First, add the imports and configure logging for Vertex AI. Because Vertex AI treats stderr as error output, it makes sense to pipe the logs to stdout.
import sys
from loguru import logger
# Configure logger
logger.remove()
logger.add(
sys.stdout,
colorize=True,
format="<green>{time:HH:mm:ss}</green> | <level>{message}</level>",
level=10,
)
logger.add("log.log", rotation="1 MB", level="DEBUG", compression="zip")
For a complete Vertex AI compliance, define the required endpoints in environment variables and set the size limit for requests. It is recommended to use private Vertex AI endpoints for production deployments. This way you will have a higher request payload limit (10 MB instead of 1.5 MB for public endpoints), together with robust security and access control.

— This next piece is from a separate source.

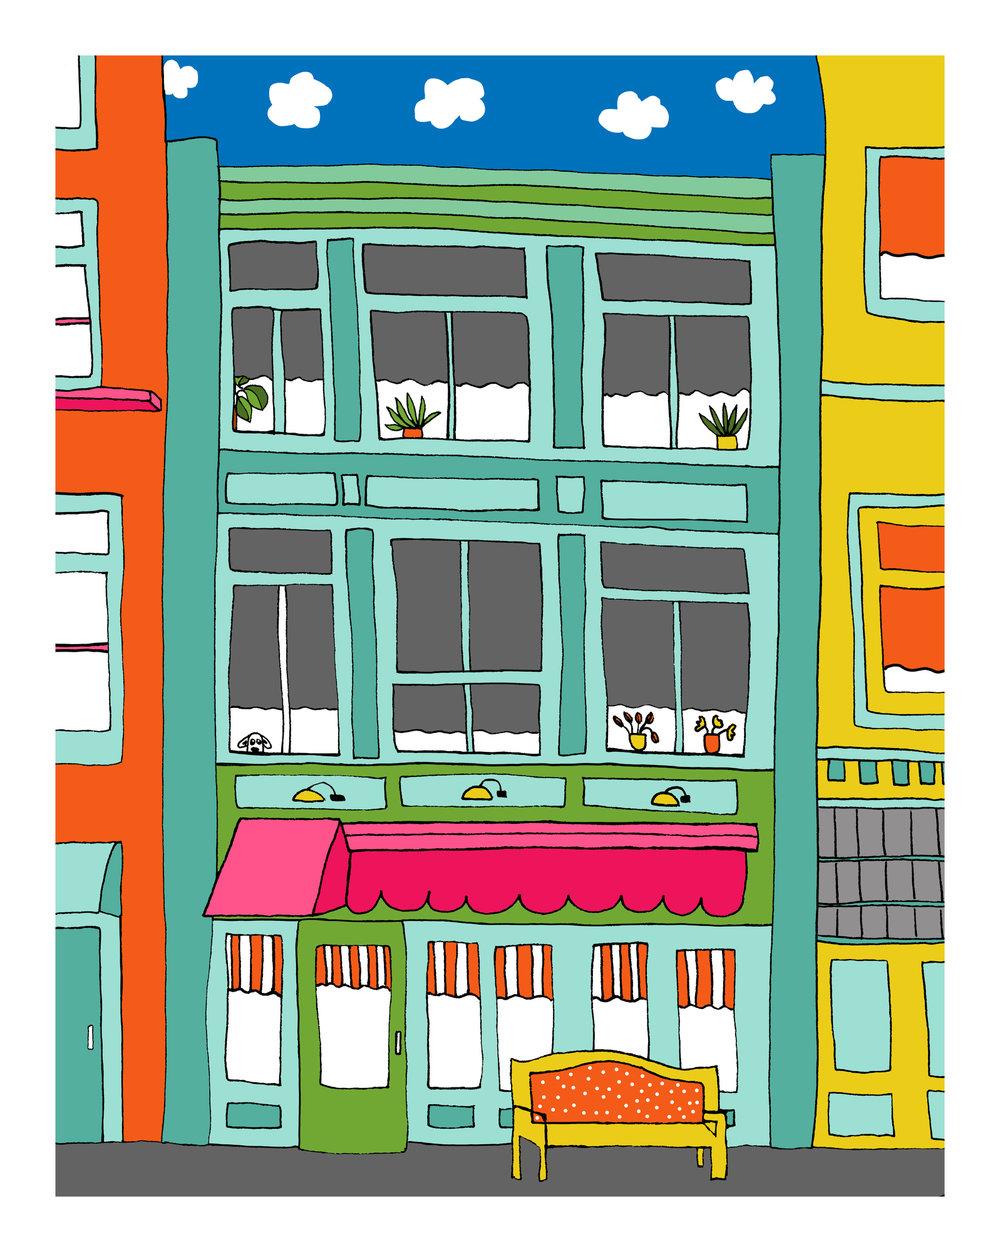 BuildingsDrawings_502_lowres.jpg

# Vertex AI environment variables
AIP_HTTP_PORT = int(os.getenv("AIP_HTTP_PORT", "8080"))
AIP_HEALTH_ROUTE = os.getenv("AIP_HEALTH_ROUTE", "/health")
AIP_PREDICT_ROUTE = os.getenv("AIP_PREDICT_ROUTE", "/predict")
# Request size limit (10 MB for private endpoints, 1.5 MB for public)
MAX_REQUEST_SIZE = 10 * 1024 * 1024 # 10 MB in bytes
Add two Pydantic models for validating your requests and responses:
# Pydantic models for request/response
class PredictionRequest(BaseModel):
instances: list
parameters: Optional[Dict[str, Any]] = None
class PredictionResponse(BaseModel):
predictions: list
Add the health check endpoint to verify your model readiness. This is important for Vertex AI, as without a dedicated health check its orchestrator will be pinging random sockets and will not be able to determine if the model is ready for inference. Your check must return 200 OK
for success and 503 Service Unavailable
for failure:
# Health check endpoint
@app.get(AIP_HEALTH_ROUTE, status_code=status.HTTP_200_OK)
def health_check():
"""Health check endpoint for Vertex AI."""
if not is_model_ready():
raise HTTPException(status_code=503, detail="Model not ready")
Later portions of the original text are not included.